Read More: Beat or Miss? MiFID Will Make It Harder to Tell on Earnings Day

LSA, which charges 1 percent of assets and 10 percent of gains, has produced total returns of 22.4 percent since its inception in October 2015 through November this year when denominated in euros, according to the company. Total return for the Stoxx 600 Index in the period was 14.9 percent, data compiled by Bloomberg showed.

Trading Baskets

AlphaValue SA, an independent French firm, has launched a basket-traded fund for one of its insurance clients with tens of millions of euros in assets that will be managed by AlphaValue’s investment committee. The company expects the fund to contribute to revenue and has more vehicles in the pipeline due to client demand.

“This is a business that transforms our savoir-faire into a product,“ said Maxime Mathon, head of marketing at AlphaValue. “The alpha we capture in a consistent manner won’t necessarily be adequately remunerated in a MiFID environment, so why not be paid in a recurring way?”

AlphaValue has negative ratings on about 45 percent of the companies it covers on the Stoxx 600, more than twice the level of the second-most negative peer among 19 firms, according to data compiled by the company.

The fund has returned 3.47 percent since it was set up in May, compared with a fall of 0.73 percent for the Stoxx 600. AlphaValue is using an investment bank for its basket-traded funds, which typically provide exposure to a group of securities. Investment banks have long created such funds for institutional investors to follow specific strategies or stock recommendations made by their sales desks.

Big Clients

Still, not everyone is convinced that proving the quality of research is enough.
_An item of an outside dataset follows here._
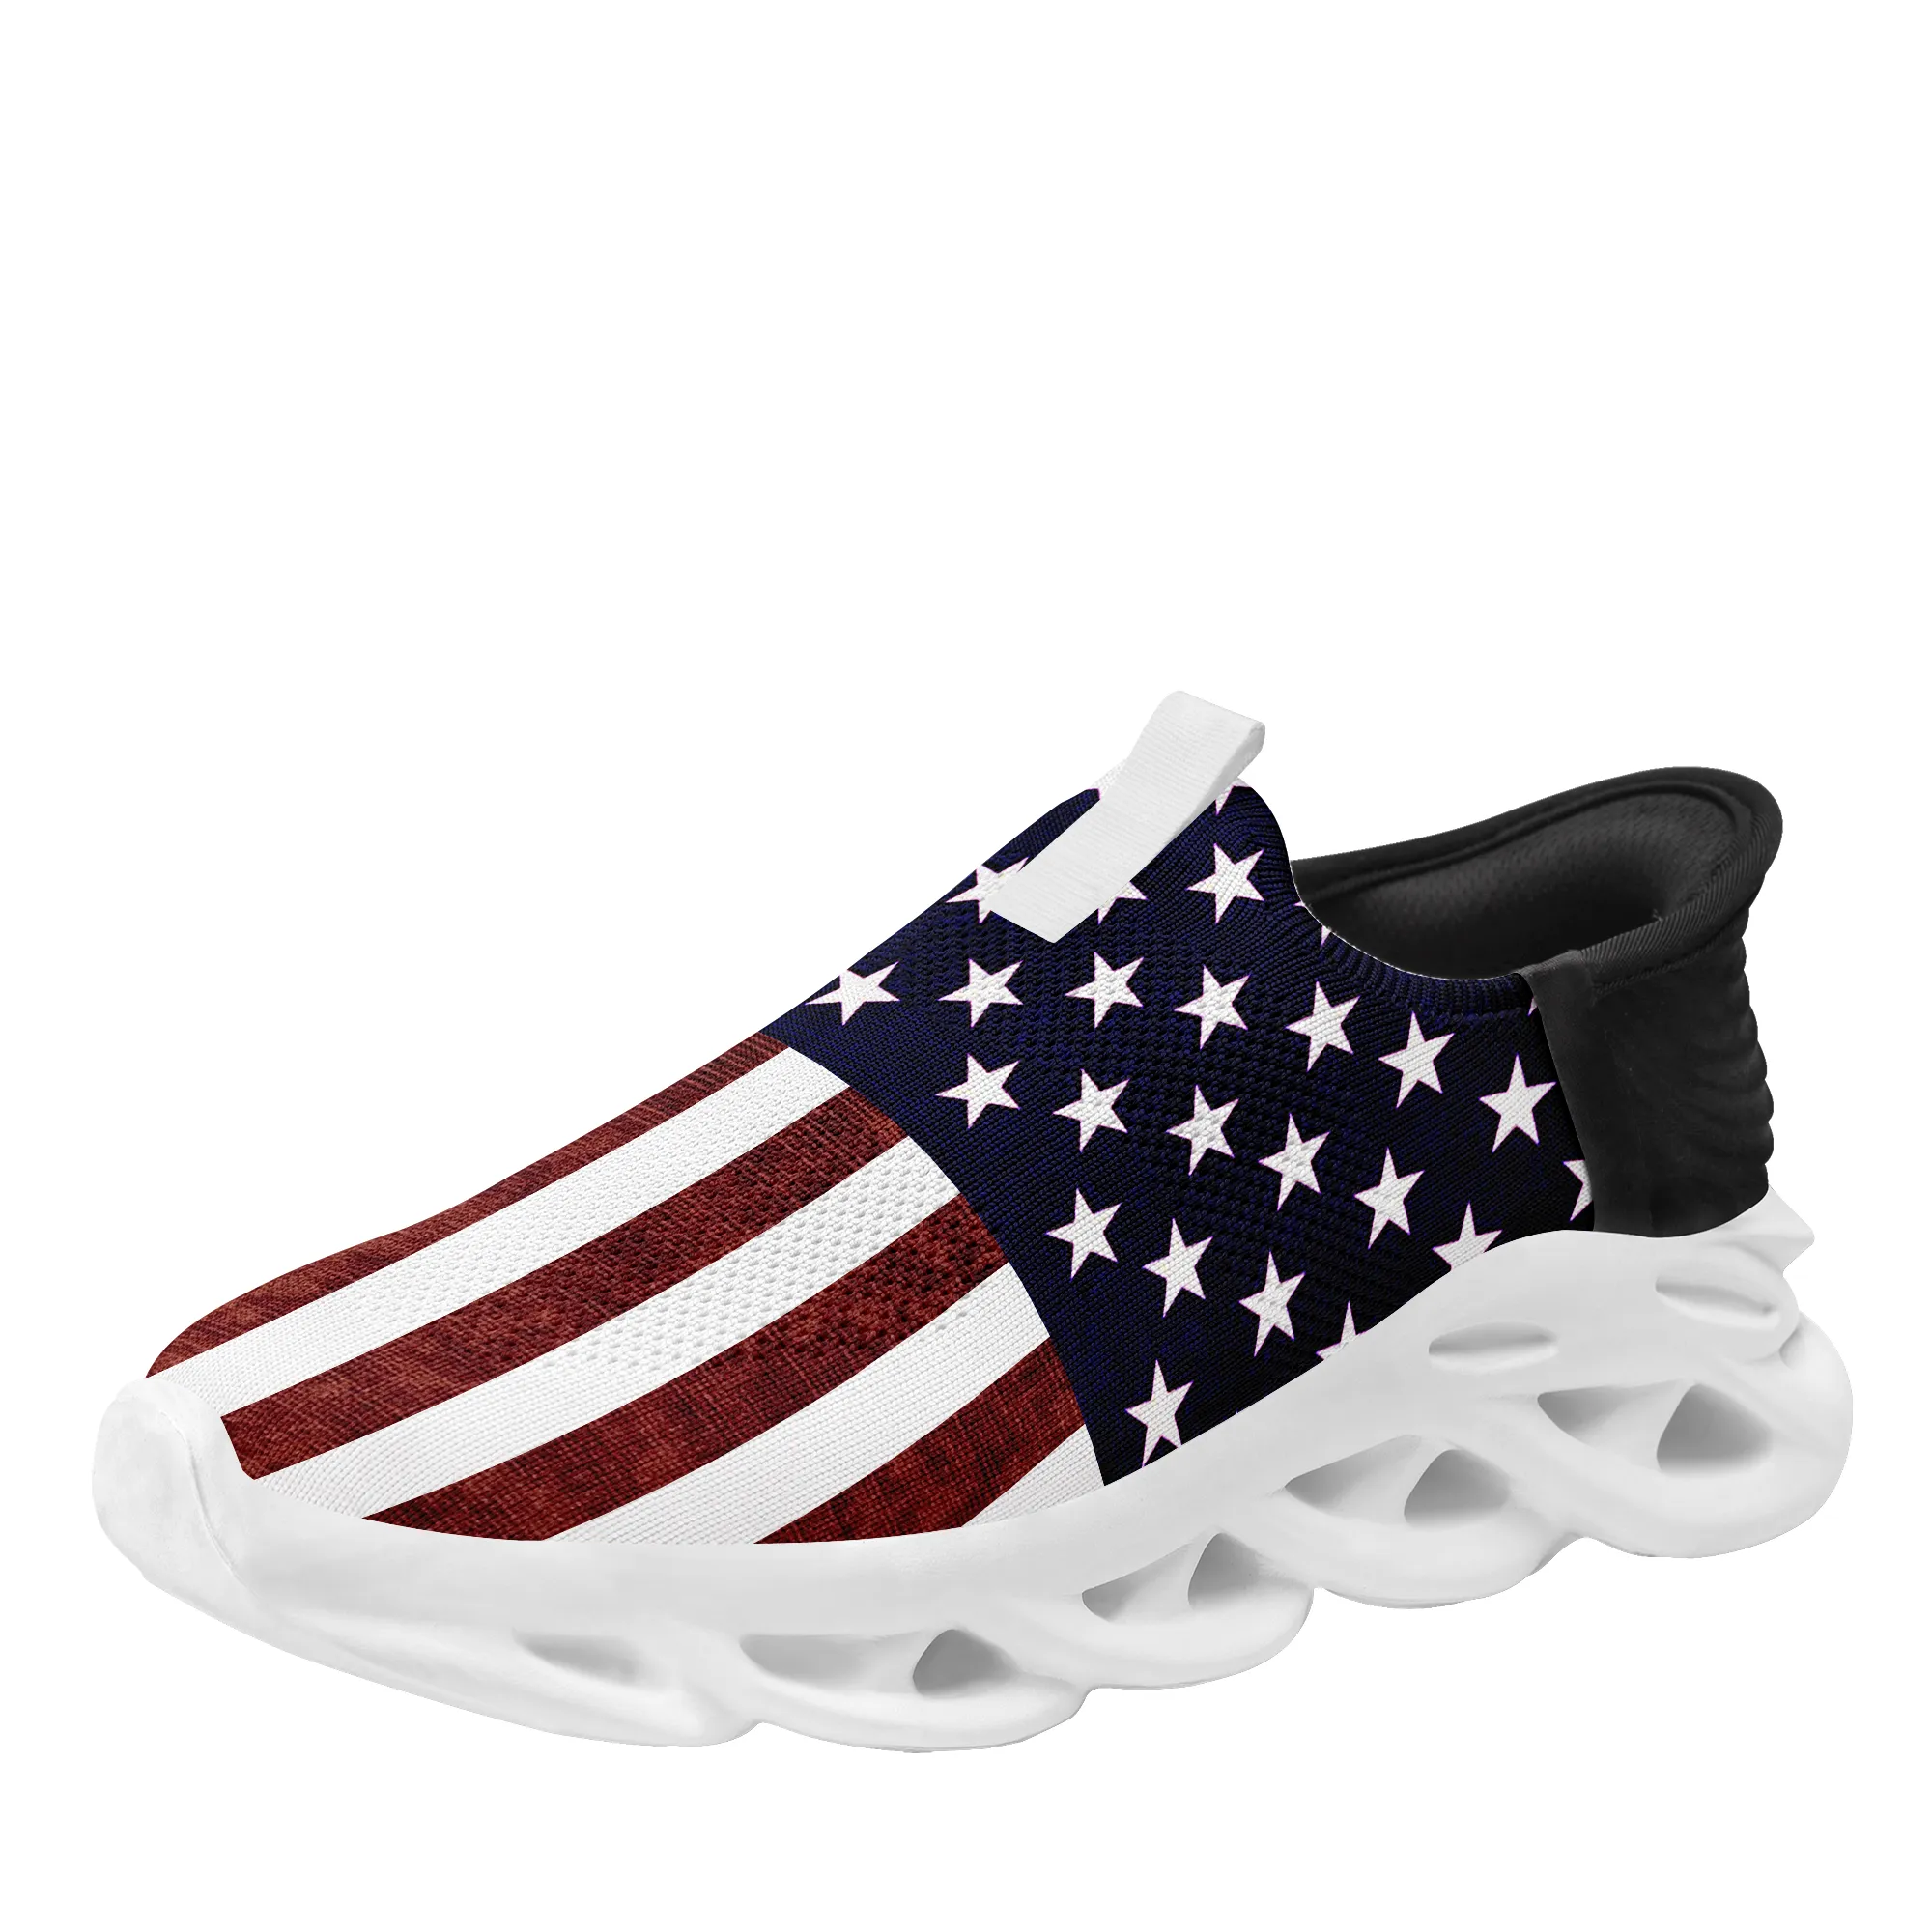 Coolcustomize Custom USA drapeau national étoile unisexe sneaker personnalisé américain patriotique sans lacet léger course tennis MS marche hommes femmes chaussures de sport

Peel Hunt LLP, the U.K. brokerage and research firm, says the size and quality of the companies they cover and their list of investor clients is a consideration.

“Being No. 1 in research and stock picking are two very good starting points, but they do not differentiate you,” said Steven Fine, Peel Hunt’s chief executive officer. “A decent crop of relevant corporate clients is an important function in making sure that you remain relevant to the buy-side.”

Sanford C. Bernstein, the New York brokerage firm, launched U.S. and global ETFs that track stocks rated “outperform” by the firm’s research analysts. It wants to demonstrate that its in-depth fundamental research and quantitative model add value to active management at a time when passive strategies are enjoying greater inflows. The U.S. ETF returned 6.02 percent since it started in October, beating a 4.55 percent gain for the S&P 500 Index. The global fund added 2.44 percent compared with a 2.52 percent rise for the FTSE All World Index over the same period.

“Somehow we have had the reputation for great fundamental research, but not great stock picks,” said Robert van Brugge, CEO of Bernstein. “If you measure the performance of our stock recommendations, it’s actually been very good for a long time.”